Oliver T. Phillipson is a Harvard scientist. A sage who accumulates decades of experience in the study of aging, mitochondria and Parkinson's disease. And he has a dream that I share. And I think many of us who participate in these forums as well, full of interest and hope:

SLOW DOWN AND REVERSE THE PARKINSONIAN DEGENERATIVE PROCESS.

One of the ways to better understand what Parkinson's means today (end of the twentieth century and beginning of the twenty-first: Parkinson's diseases, orthodox and heterodox treatments, world of Parkinson's), it seems to me the chronological study of the work of the most notable researchers in some important aspect of Parkinson's disease. Dr. Phillipson stands out for the study of aging and mitochondrial damage. We have few sources: actually four. His 2013 study, an interview and two more studies:

2013. Inhibition of Aging in Parkinson’s Disease: A Case Study.

2014. Management of the aging risk factor for Parkinson's disease.

2017. Alpha-synuclein, epigenetics, mitochondria, metabolism, calcium traffic, & circadian dysfunction in Parkinson's disease. An integrated strategy for management.

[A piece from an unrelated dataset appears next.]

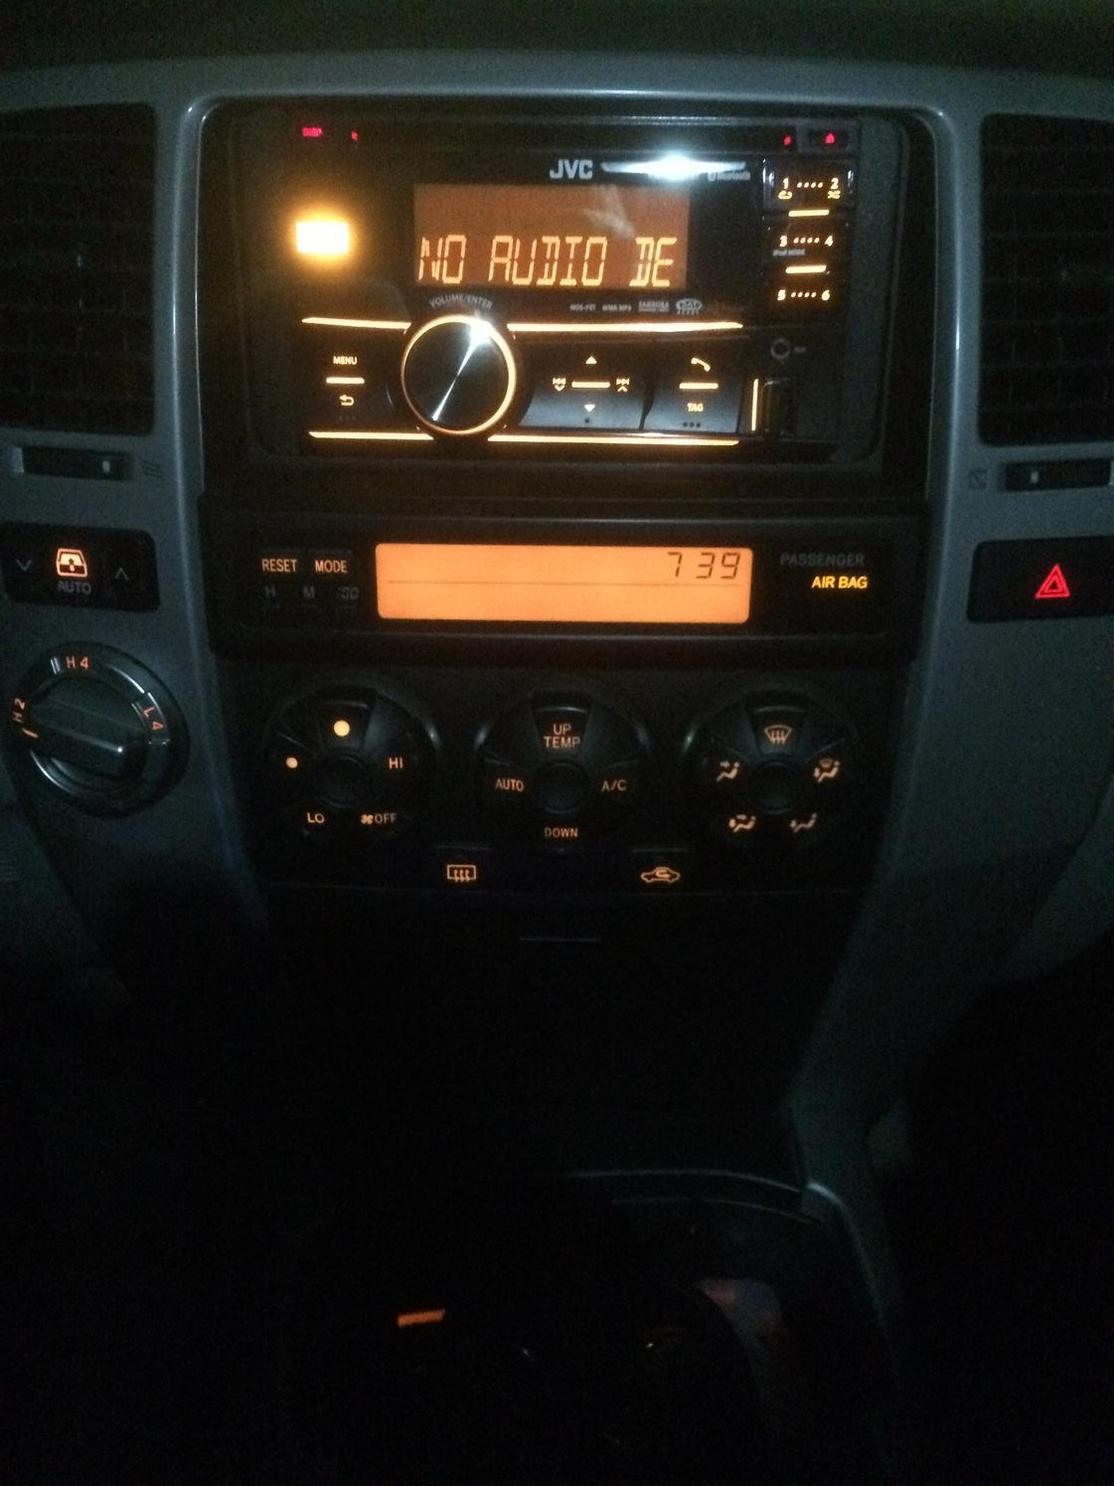 Radio Upgrades... Let see them.-jvc-jpg

In 2013, as mentioned below, the effectiveness of the five supplements used synergistically is proven: alpha lipoic acid, acetyl-l-carnitine, coenzyme Q10, melatonin and vitamin E.

I think it's important to mention Zhang and colleagues' 2010 study on the combined use of R-alpha-lipoic acid and acetyl-L-carnitine. Not only for its effectiveness, but for the fact that together they greatly increase their potency and require lower doses. (Zhang et al. 2010. Combined R-alpha-lipoic acid and acetyl-L-carnitine exerts efficient preventative effects in a cellular model of Parkinson's disease. J Cell Mol Med.)

As well as the fact that he claims that coenzyme Q10 is very important, but not enough to defeat this hundred-headed hydra.

In 2014, the combination of alpha lipoic acid, acetyl-l-carnitine, coenzyme Q10, and melatonin.

In 2017 he mentions R-lipoic acid, acetyl-l-carnitine, ubiquinol, melatonin (or receptor agonists), and vitamin D3.

Like many other great neuroscientists, both in the field of Neurology and in other scientific specialties, they have come to focus on the mitochondria, the cellular energy factory.

Just as Dr. William Osler ("father" of modern medicine) nearly 100 years ago considered Parkinson's to be an accelerated aging of the brain, Phillipson now focuses on the "normal" aging process and its similarities and differences with Parkinson's.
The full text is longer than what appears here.